Aim of the task:
Give back exactly the lines of the data below, starting with the line that has "Jogo lençol de" and going on through the line that has "Комплект белья Verossa".

### Record extracts ###

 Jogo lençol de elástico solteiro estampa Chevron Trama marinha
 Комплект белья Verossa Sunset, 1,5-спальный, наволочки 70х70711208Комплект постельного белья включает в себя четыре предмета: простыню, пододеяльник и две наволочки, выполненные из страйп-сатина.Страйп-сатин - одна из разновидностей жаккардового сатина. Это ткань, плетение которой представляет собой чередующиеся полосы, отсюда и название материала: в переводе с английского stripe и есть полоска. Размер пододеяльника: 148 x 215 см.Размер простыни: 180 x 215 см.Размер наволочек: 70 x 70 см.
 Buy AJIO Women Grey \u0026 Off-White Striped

###
### Record extracts ###

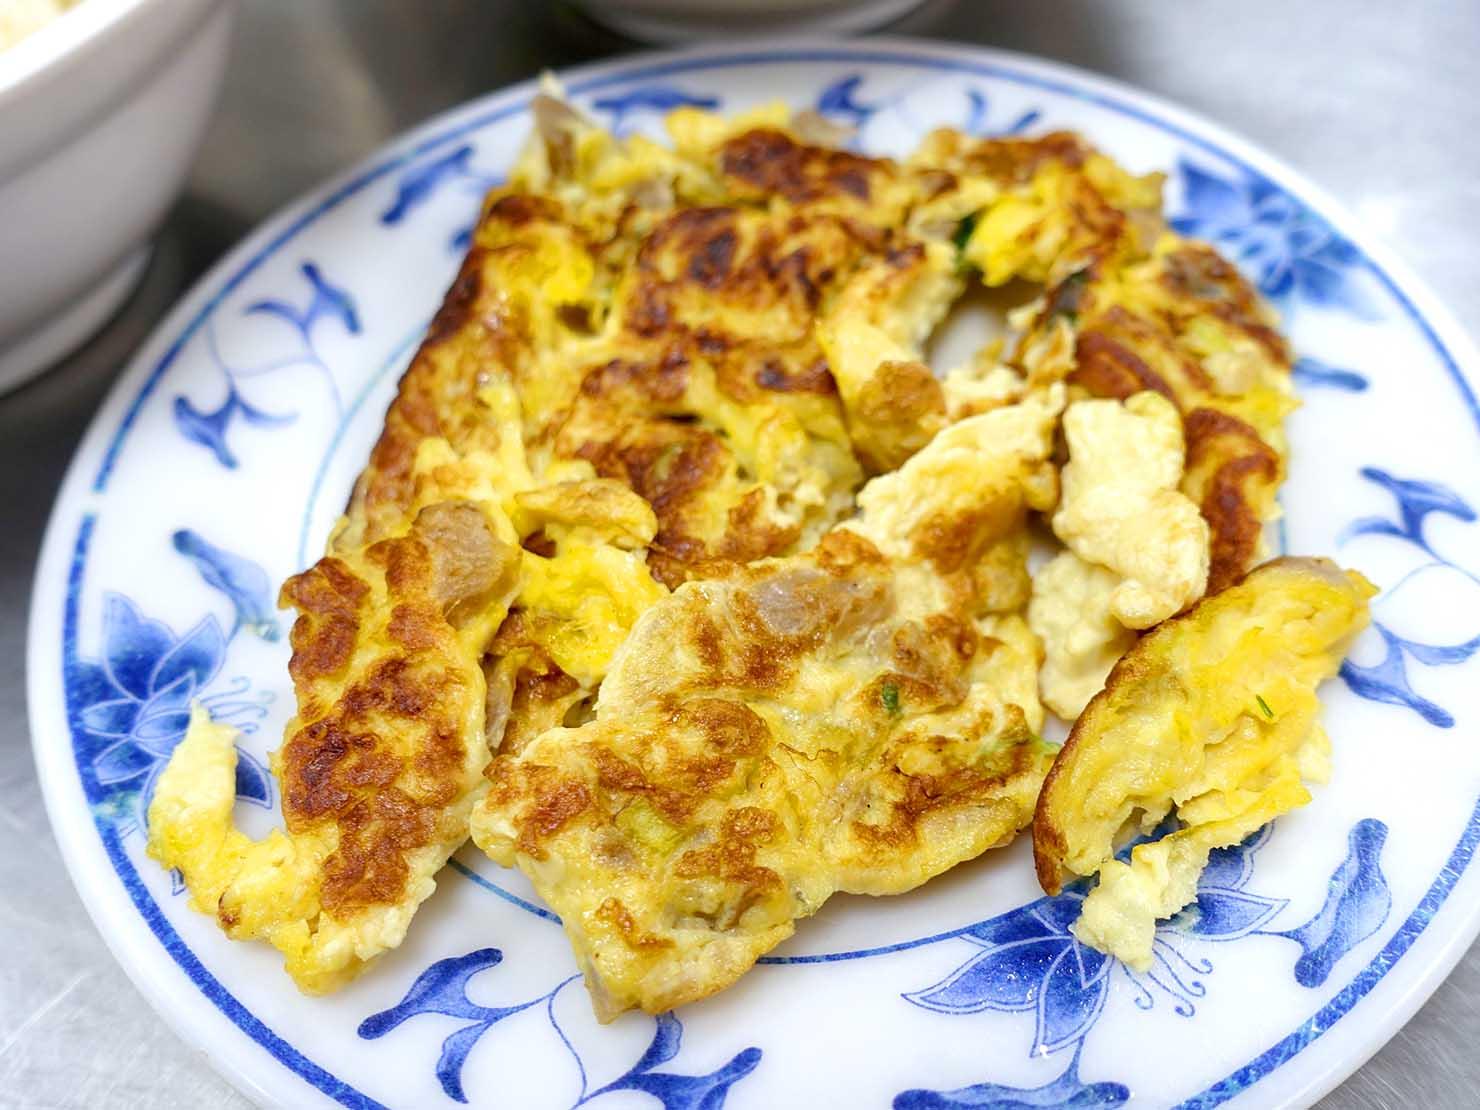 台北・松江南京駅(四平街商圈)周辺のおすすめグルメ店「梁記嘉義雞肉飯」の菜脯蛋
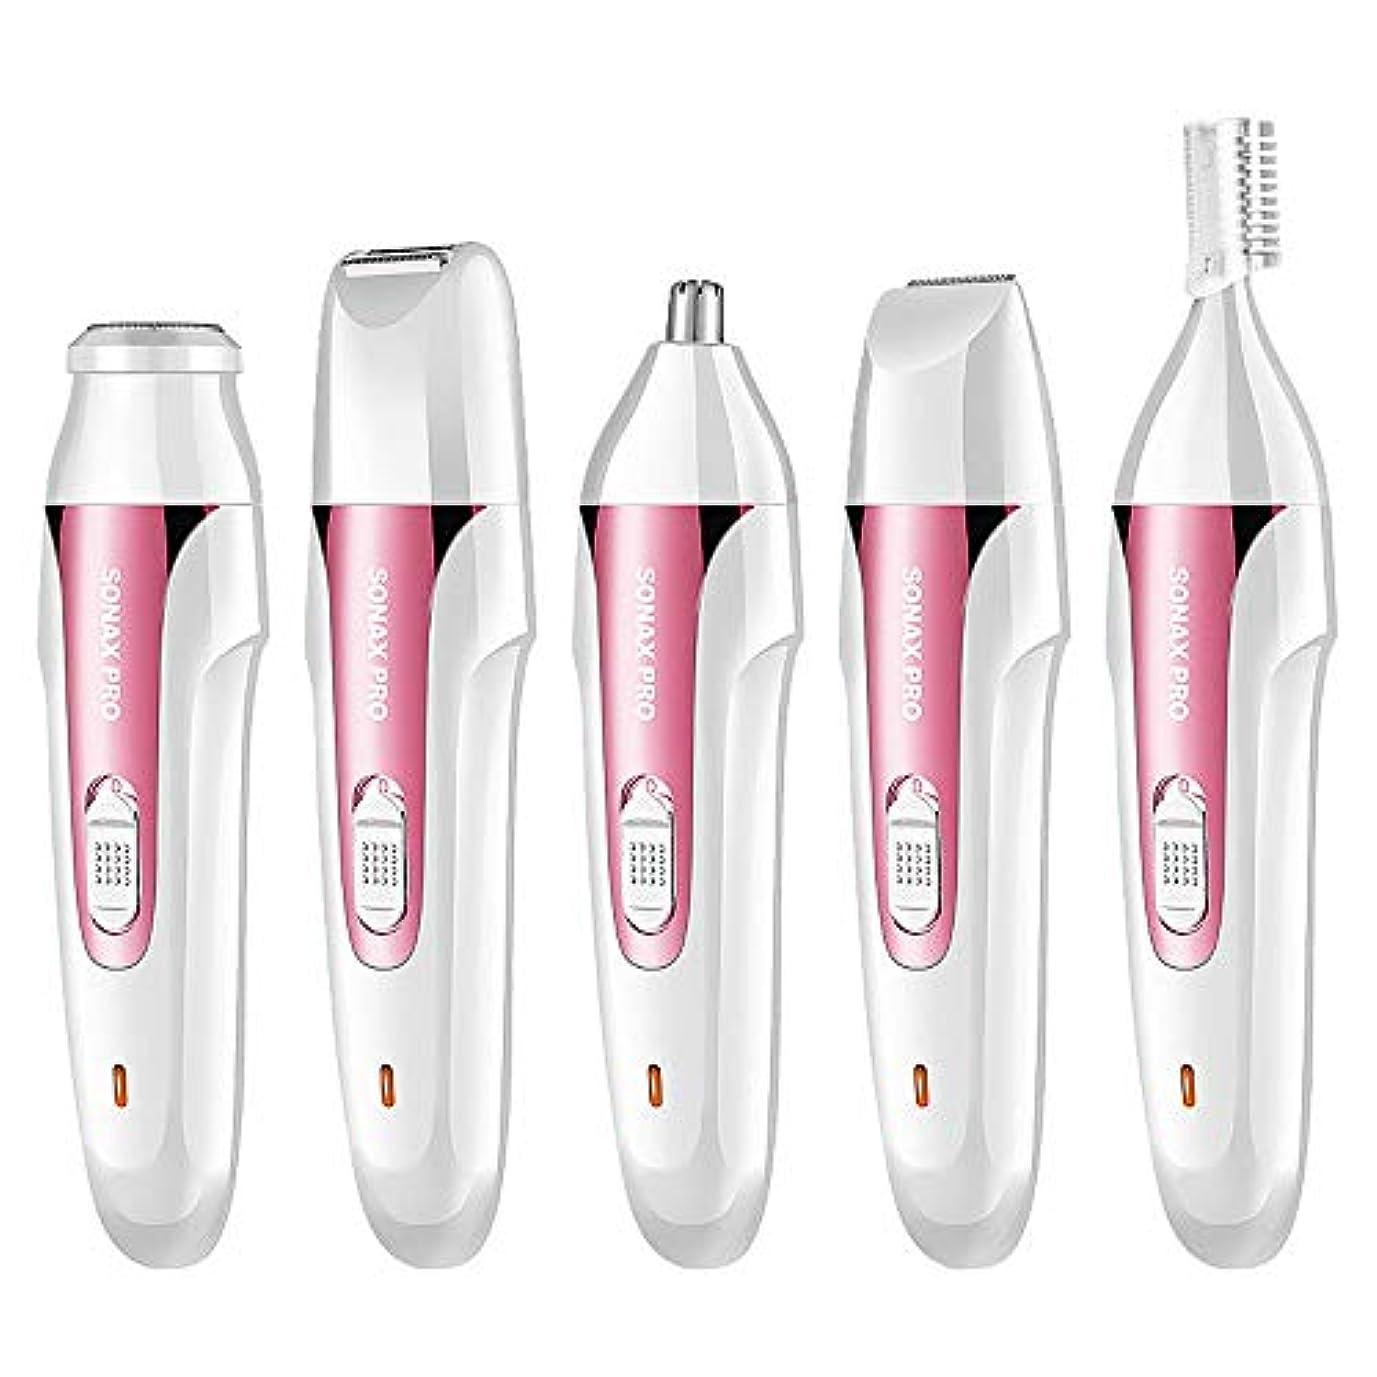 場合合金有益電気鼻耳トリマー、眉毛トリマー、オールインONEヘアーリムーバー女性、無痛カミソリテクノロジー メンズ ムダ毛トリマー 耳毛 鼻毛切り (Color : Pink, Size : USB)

###

Answer space:
 Jogo lençol de elástico solteiro estampa Chevron Trama marinha
 Комплект белья Verossa Sunset, 1,5-спальный, наволочки 70х70711208Комплект постельного белья включает в себя четыре предмета: простыню, пододеяльник и две наволочки, выполненные из страйп-сатина.Страйп-сатин - одна из разновидностей жаккардового сатина. Это ткань, плетение которой представляет собой чередующиеся полосы, отсюда и название материала: в переводе с английского stripe и есть полоска. Размер пододеяльника: 148 x 215 см.Размер простыни: 180 x 215 см.Размер наволочек: 70 x 70 см.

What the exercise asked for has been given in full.